**ASSIGNMENT:**
Each line below from the "Ballons en plastique" line through the "Müzeyyen Arpacıoğlu adlı" line, those two included, must be restated word for word; the pictures must not be.

**SOURCE MATERIAL:**
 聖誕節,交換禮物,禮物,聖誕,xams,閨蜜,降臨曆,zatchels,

---

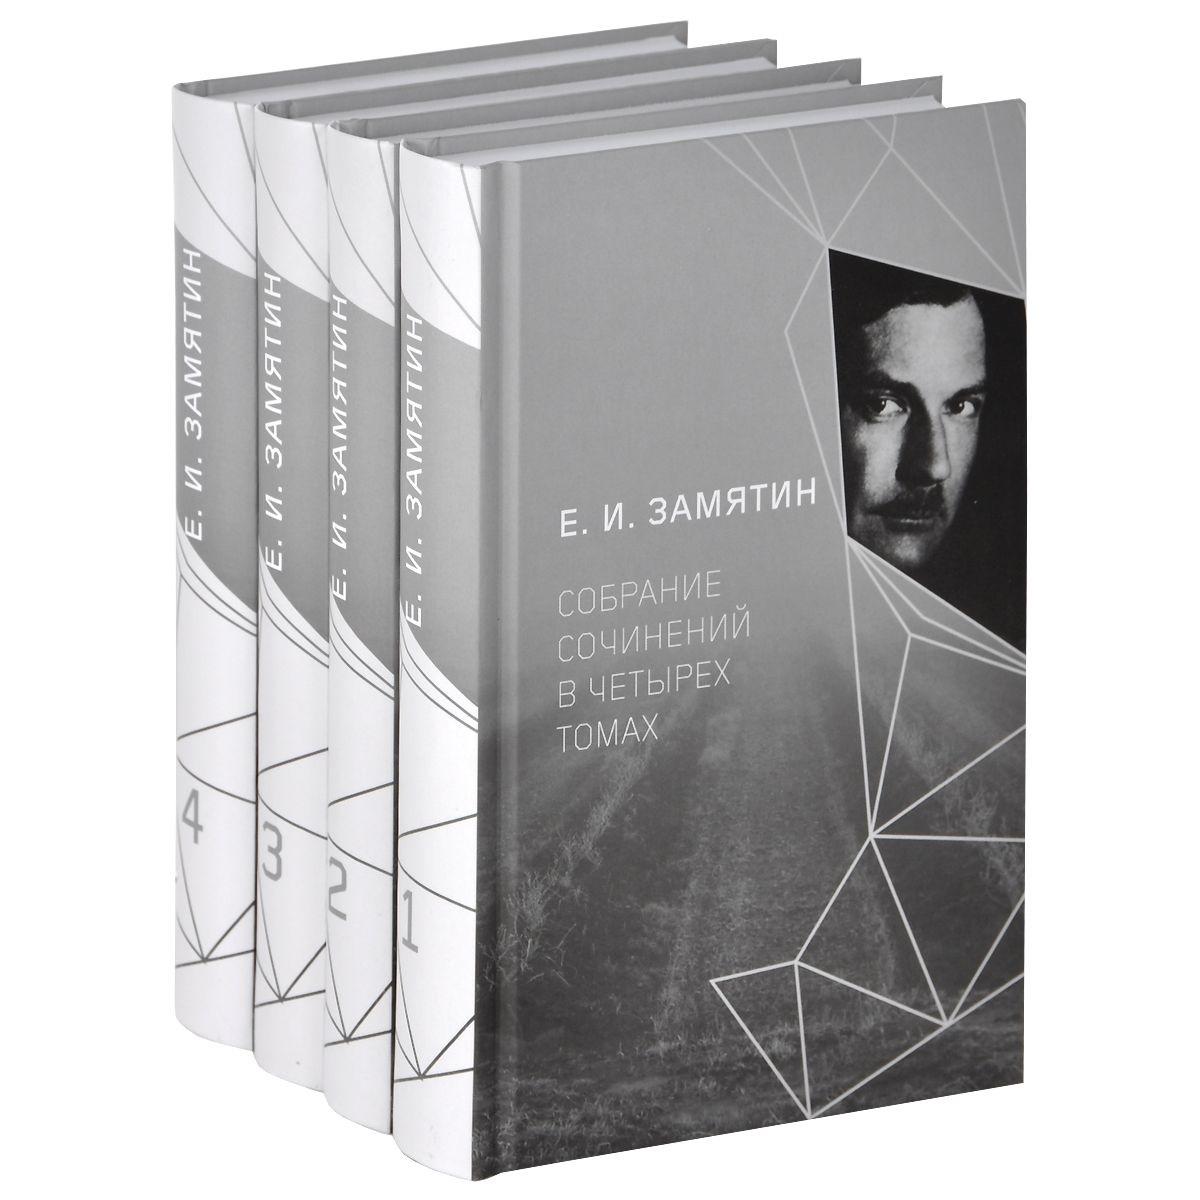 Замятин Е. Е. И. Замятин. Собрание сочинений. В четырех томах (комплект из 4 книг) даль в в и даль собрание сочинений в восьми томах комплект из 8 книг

...

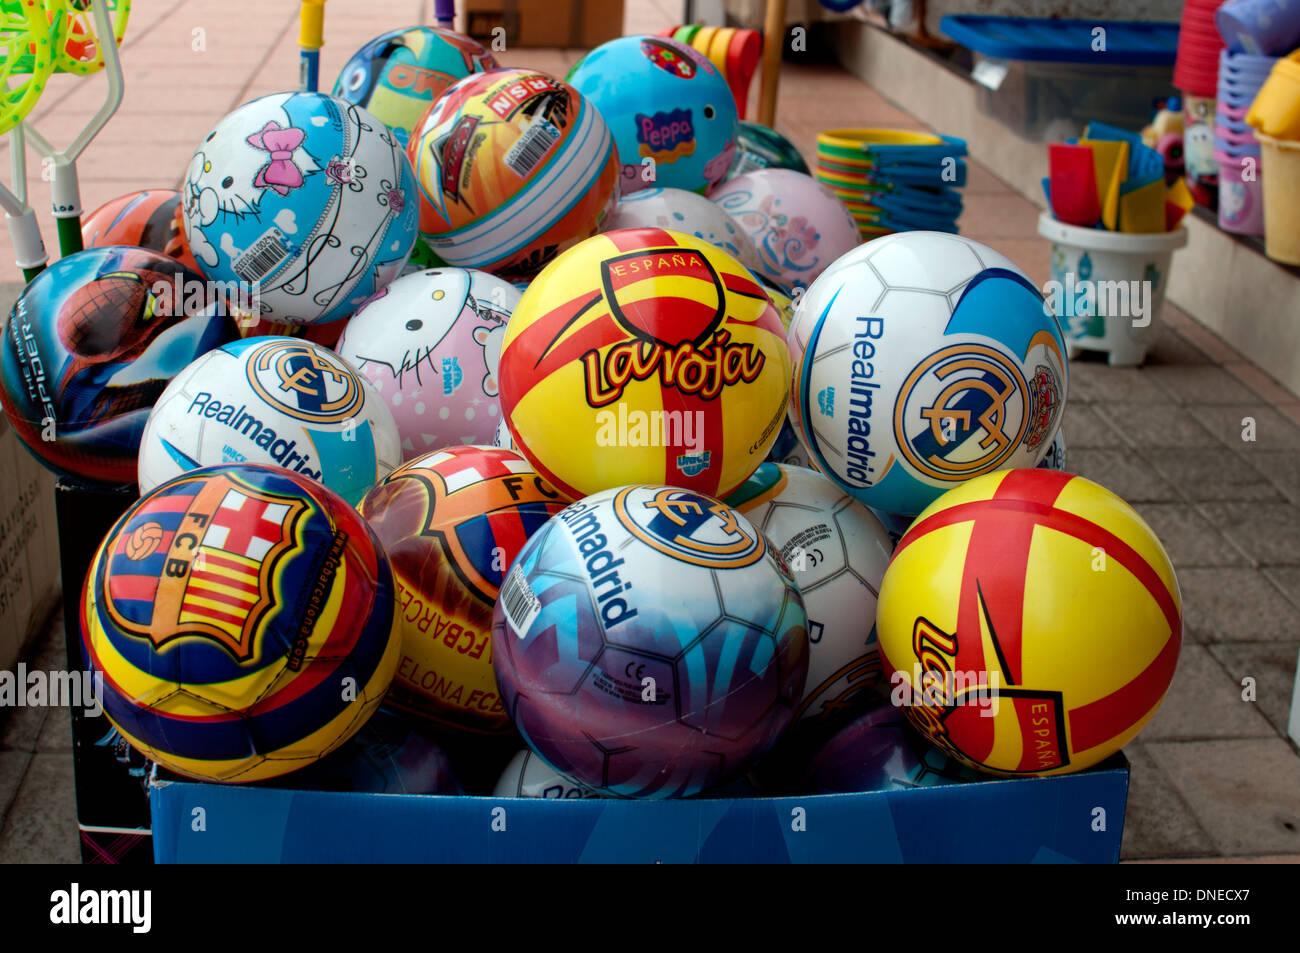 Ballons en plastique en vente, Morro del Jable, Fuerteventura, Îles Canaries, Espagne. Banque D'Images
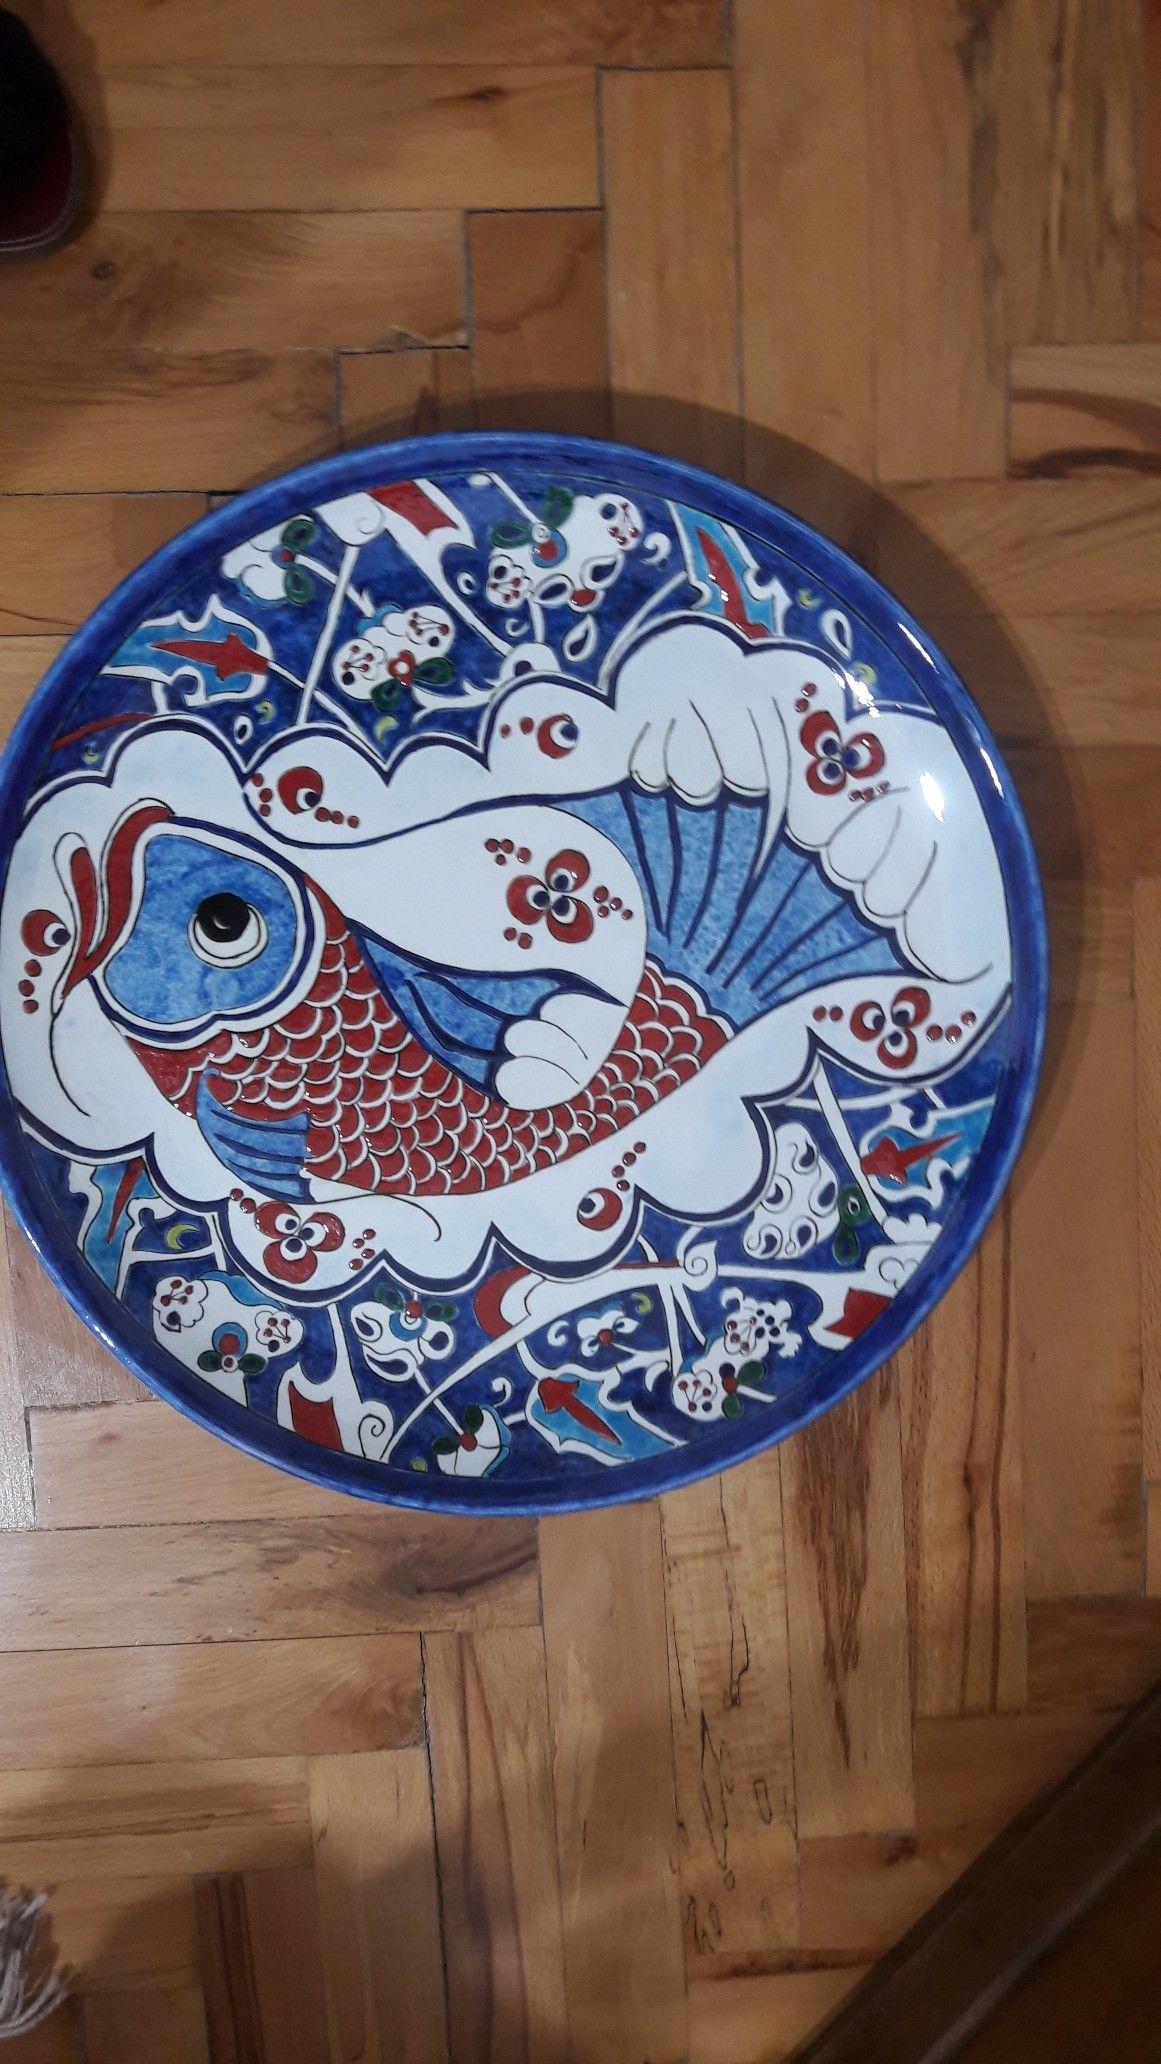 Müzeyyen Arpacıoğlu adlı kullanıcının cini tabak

**RESPONSE AREA:**
 Ballons en plastique en vente, Morro del Jable, Fuerteventura, Îles Canaries, Espagne. Banque D'Images
 Müzeyyen Arpacıoğlu adlı kullanıcının cini tabak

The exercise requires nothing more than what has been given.